Messenger RNA (mRNA), transcribed from DNA, will be processed by the ribosomal machinery to produce the corresponding protein. Using the genetic code, ribosomes will recruit transfer RNA (tRNA) matching the read codons. Amino-acids brought together within the ribosome will be linked with a peptidic bond and become part of the future polypeptide chain encoded by the mRNA. The nucleotide sequence encoding a polypeptide from its start codon to its stop codon, is referred as CoDing Sequence(CDS) pending on the biological system (eukaryote or prokaryote) translation mechanistic is slightly different. This needs to be considered when designing gene expression vectors.
Protein Translation in Prokaryotes
By definition prokaryotes do not possess a subcellular compartment isolating the chromosomic DNA from the cytosol. Therefore, DNA transcription to mRNA and mRNA translation to peptide chains can occur simultaneously. Indeed, protein translation is active on mRNA that are still being transcribed from the genomic DNA.
Another specificity of the eukaryote genes is that most CDS are grouped in polycistronic operons. This mean several CDS are transcribed in a single mRNA molecule, each of them being preceded by a ribosome binding site (RBS), which is the sequence directly upstream the start codon.
Translation in bacteria starts with the recognition of a consensus sequence (5′-AGGAGG-3′) in the RBS, known as the Shine-Dalgarno (SD) sequence1, by the small subunit of (30S) of the ribosome.

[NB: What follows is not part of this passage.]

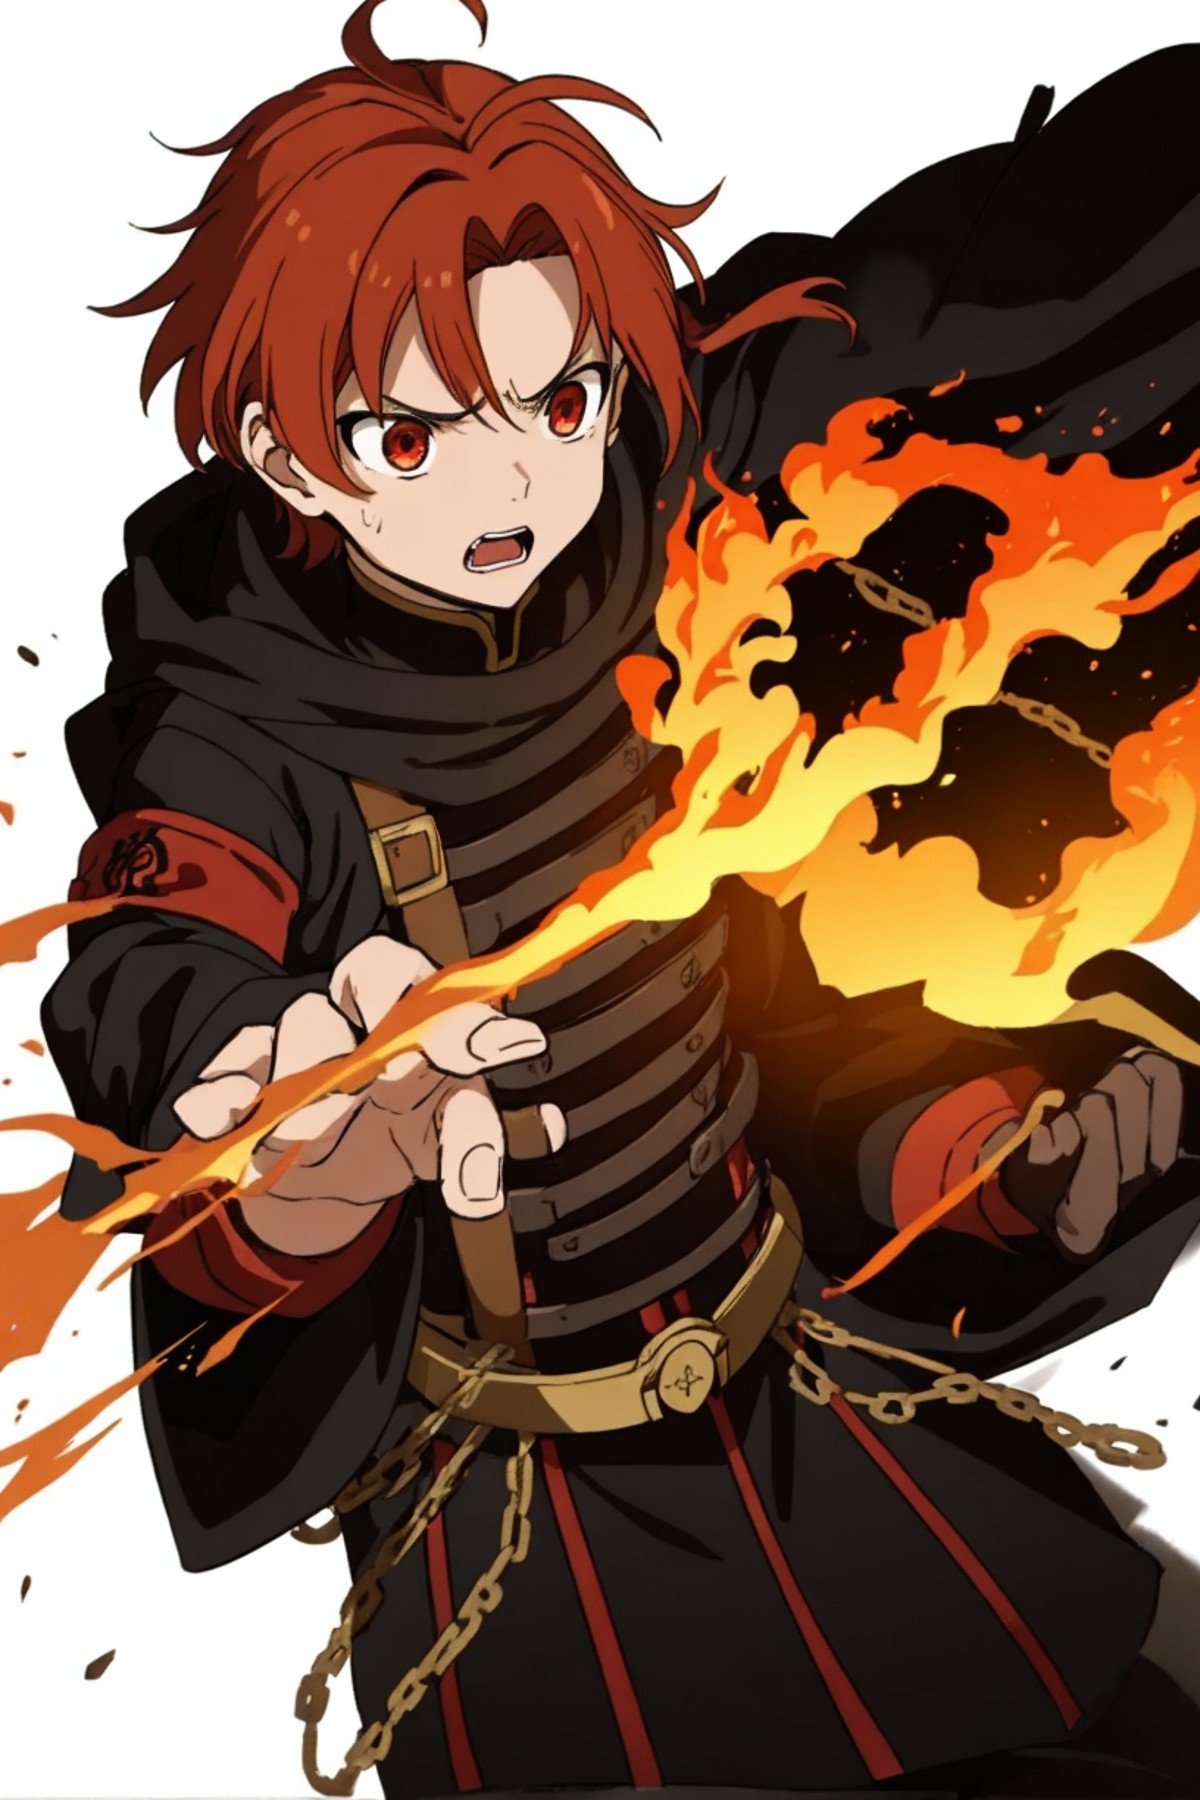 1 boy, rudeus, anime boy, anime, boy, masterpiece, full body, ultra-detailed, black and red hair, windy hair, long hair,(angry:1.8), (crying:2.0), rage, sad, black hoodie, fire magic, necklace, broken gem, chains around, chains shield, (tears:2.4), black gloves, raised eyebrows, (screaming:1.6), power blast, fire energy, true power, true form, evolution, fire aura, fire shield, (red eyes:2.5), jitome, night burnt forest scene, solo, UHD, super detail, forest in ashes, combat, sunset, fire particles, ashes, red and dark colors, ((masterpiece)), revenge, Negative prompt: (worst quality, low quality, extra digits:1.4), negative_hand-neg, EasyNegativeV2,   Steps: 25, Sampler: DPM++ 2M SDE Karras, CFG scale: 7.5, Seed: 25, Size: 512x768, Model: seizamix_v2, Clip skip: 1,

The recognition is based on base-pairing complementarity, the complementary sequence (anti-SD) CCUCCU being present in the 3’ end of the rRNA part (16S) of the subunit. The SD sequence is optimally located 6 nucleotides upstream of the start codon2.
Involvement of three proteins known as initiation factors IF1, IF2 and IF3 completes the initiation complex. The conformation of this multimolecular complex brings the AUG start codon of the mRNA in front of the P site of the 30S subunit. IF2 is then recruiting the initiator tRNA to the complex, which in turn allows the recruitment of the large subunit (50S) to form the complete and active 70S ribosome3.4. In bacteria the initiator tRNA is carrying a N-formylmethionine that will be the first amino acid in the nascent peptide and will be removed during the elongation step.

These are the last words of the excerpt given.